Femi reads the news again. There is no development to the story, so the cycle keeps rehashing what they know, plus digging up people who know her for sound bites.
There’s that asshole Mustafa that I kissed in secondary school.
The federal government must be avoiding discussion of the hotel, which for them was a fiasco.
“Is it true what they say you did?” asks Bad Fish. “Did you kill that man in cold blood?”
“Yes.”
“Why?”
“Her job,” says Eric. “Why don’t you focus on driving?”
“If I’m going to help you, I need to know that you’re on the side of righteousness,” says Bad Fish.
“You’re the domkop wearing a pervert mask,” says Eric.
Bad Fish nods, an awkward motion in the suit. “I’d go back to South Africa soon if I were you, Eric Sunmola.”

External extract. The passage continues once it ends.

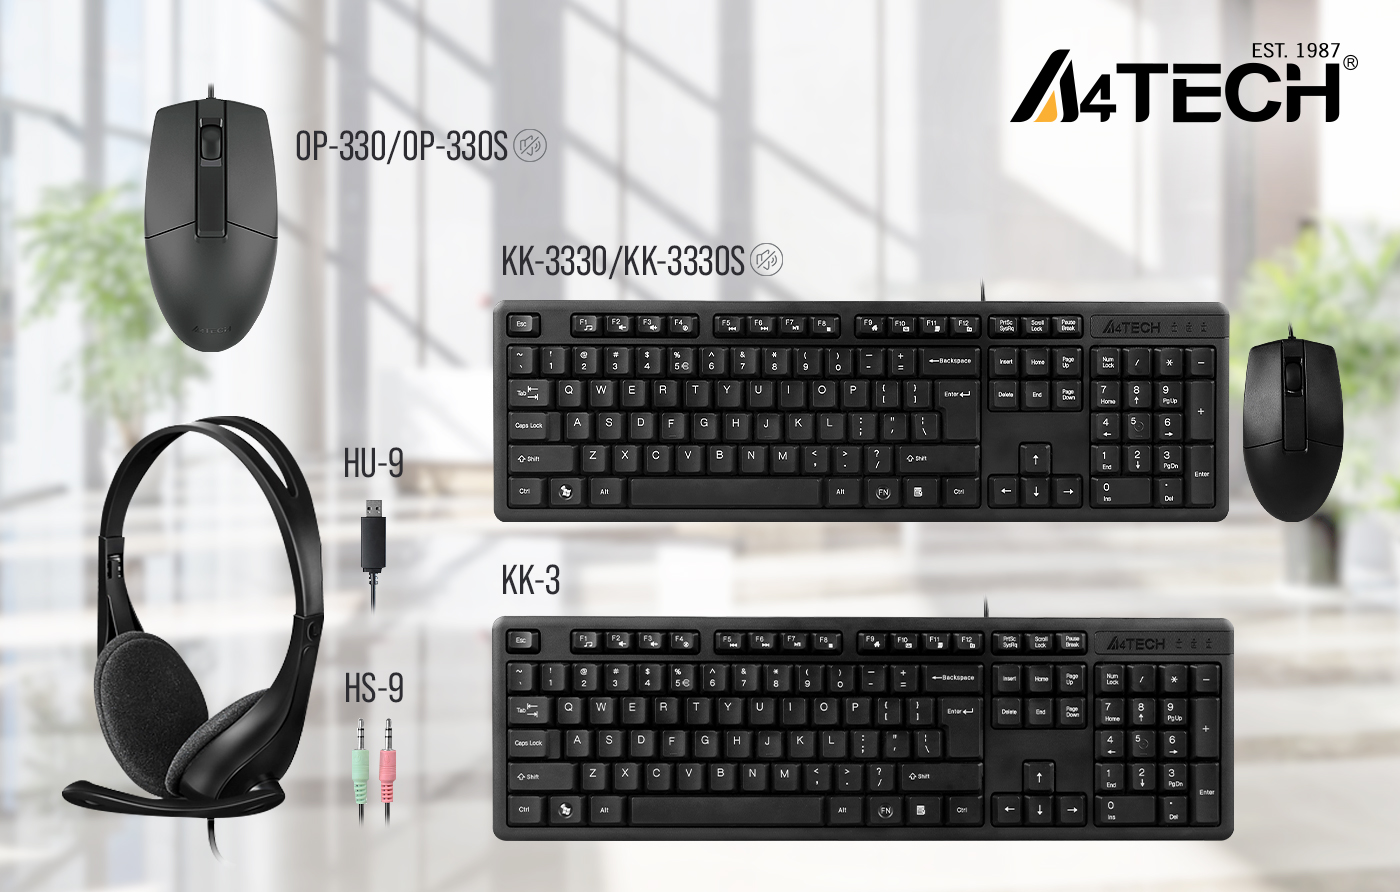 Kk 3330s. A4tech KK-3330s. Keyboard a4 Tech wired Combo KK-3+op-330. Мышь a4tech KK-3330s. A4tech KK-3330 (KK-3+op-330).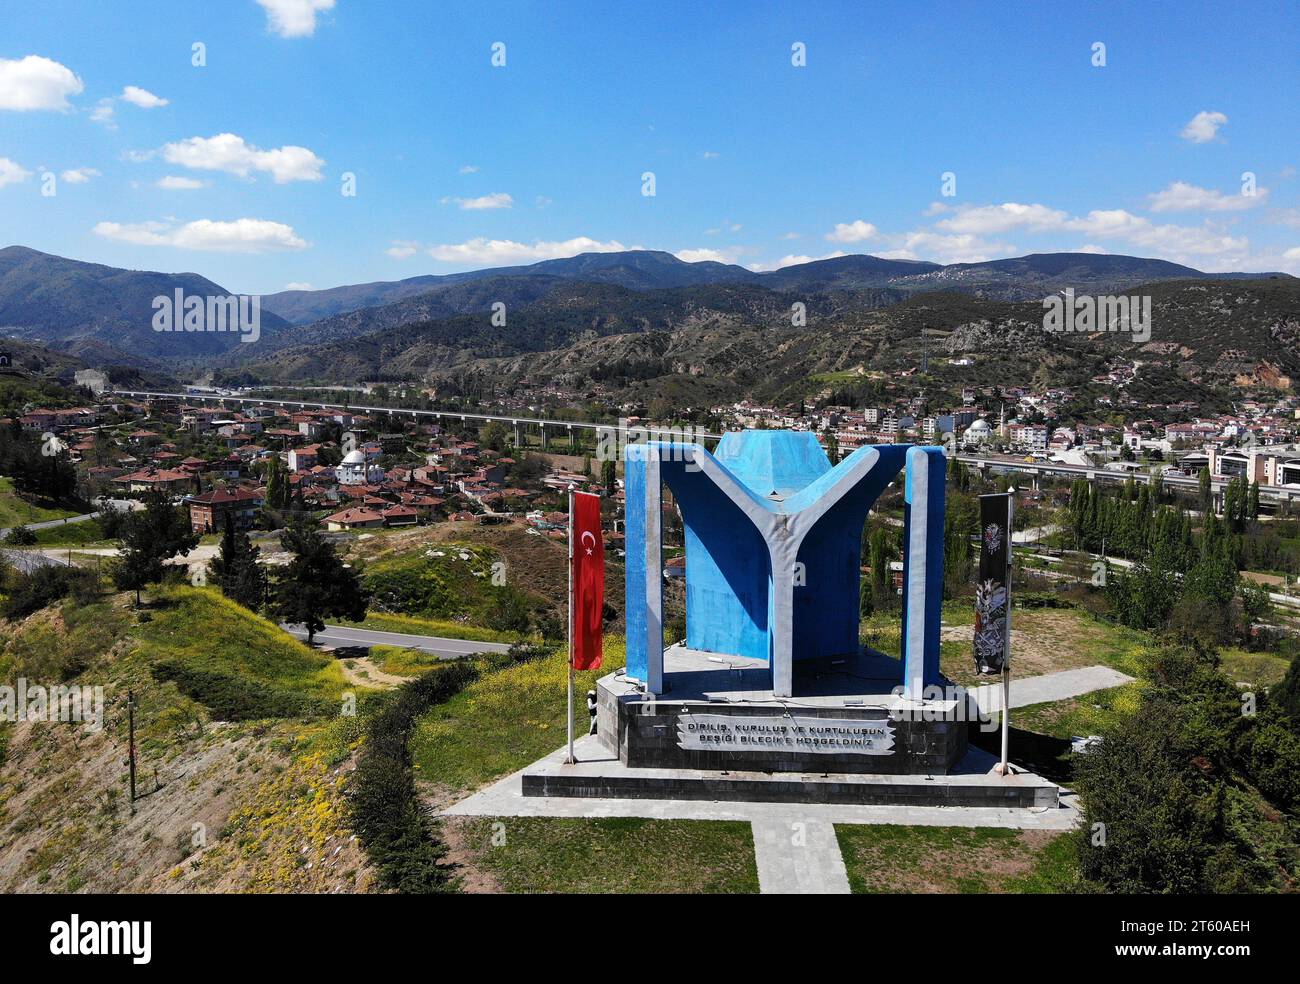 Kayi Boyu Monument in Bilecik, Turkey Stock Photo

“Is that… are you threatening me?”
“No. From her medical bills, I’d say your mother is very, very sick.”
“How did you…?”
“I know everything,” says Bad Fish. “Please don’t try to intimidate me. It won’t work and I’ll just have to hurt you back. I wouldn’t be here if I thought you could harm me, or if I didn’t know how to break you. All of you.”
“Go kiss a ganglion,” says Eric.
Femi puts her hand on his shoulder. “We are grateful for your help, Bad Fish. We owe you our lives.”
Headlights continue into the darkness, the road mercifully clear of checkpoints. Perhaps the police have already made their quota of bribes for the day.
Inside the car, silence, except for Femi repeating the newscast that speaks of her guilt in the murder of Ranti.